Sauropod dinosaurs, say the researchers, were similar to cows, in that methane-producing microbes aided their digestion by fermenting the vegetation they ate. “A simple mathematical model suggests that the microbes living in sauropod dinosaurs may have produced enough methane to have an important effect on the Mesozoic climate,” explained researcher Dave Wilkinson, of Liverpool John Moores University.
Wilkinson and co-researcher Graeme Ruxton, from the University of St Andrews, were studying sauropod ecology when a question dawned on them: If modern cows produce enough methane gas to be of interest to climate scientists, what about sauropod dinosaurs?
Animal physiologists have studied methane production from a range of modern animals to derive equations that predict methane production based on the total mass of the animals in question.

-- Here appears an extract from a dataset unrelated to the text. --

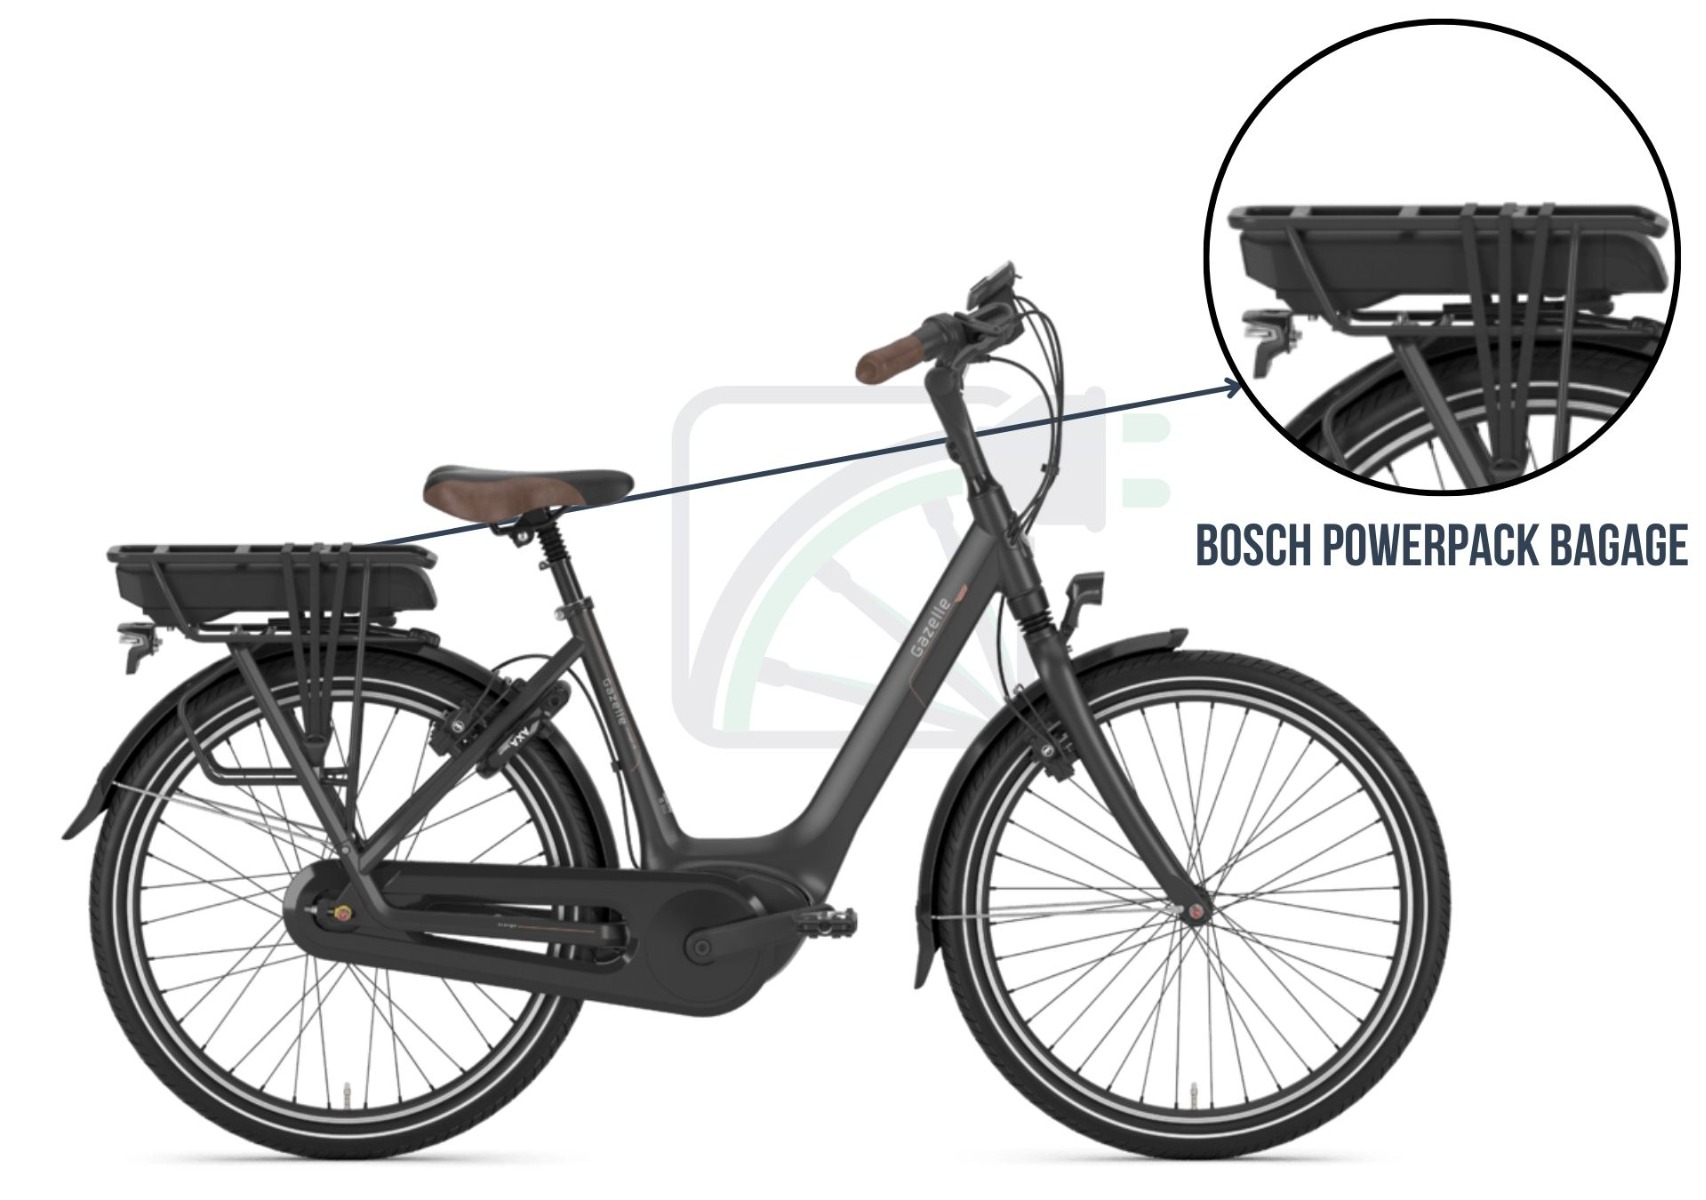 På dette billede ser du en elektrisk cykel. Billedet fremhæver batteriet og beskriver, hvilke batterier der passer til denne type cykel. I dette tilfælde er det Bosch PowerPack bagagebærer.

The researchers based their calculations on a medium-sized sauropod weighing around 20,000 kilograms, and population densities ranging from a few large adults to a few tens of individuals per square kilometer.
Before the industrial age, about 150 years ago, methane emissions were roughly 200 Tg per year. By comparison, modern ruminant animals, including cows, goats, and others, contribute methane emissions of 50 to 100 Tg per year. The researchers say the study’s conclusions; “serve as a useful reminder for the importance of microbes and methane for global climate.”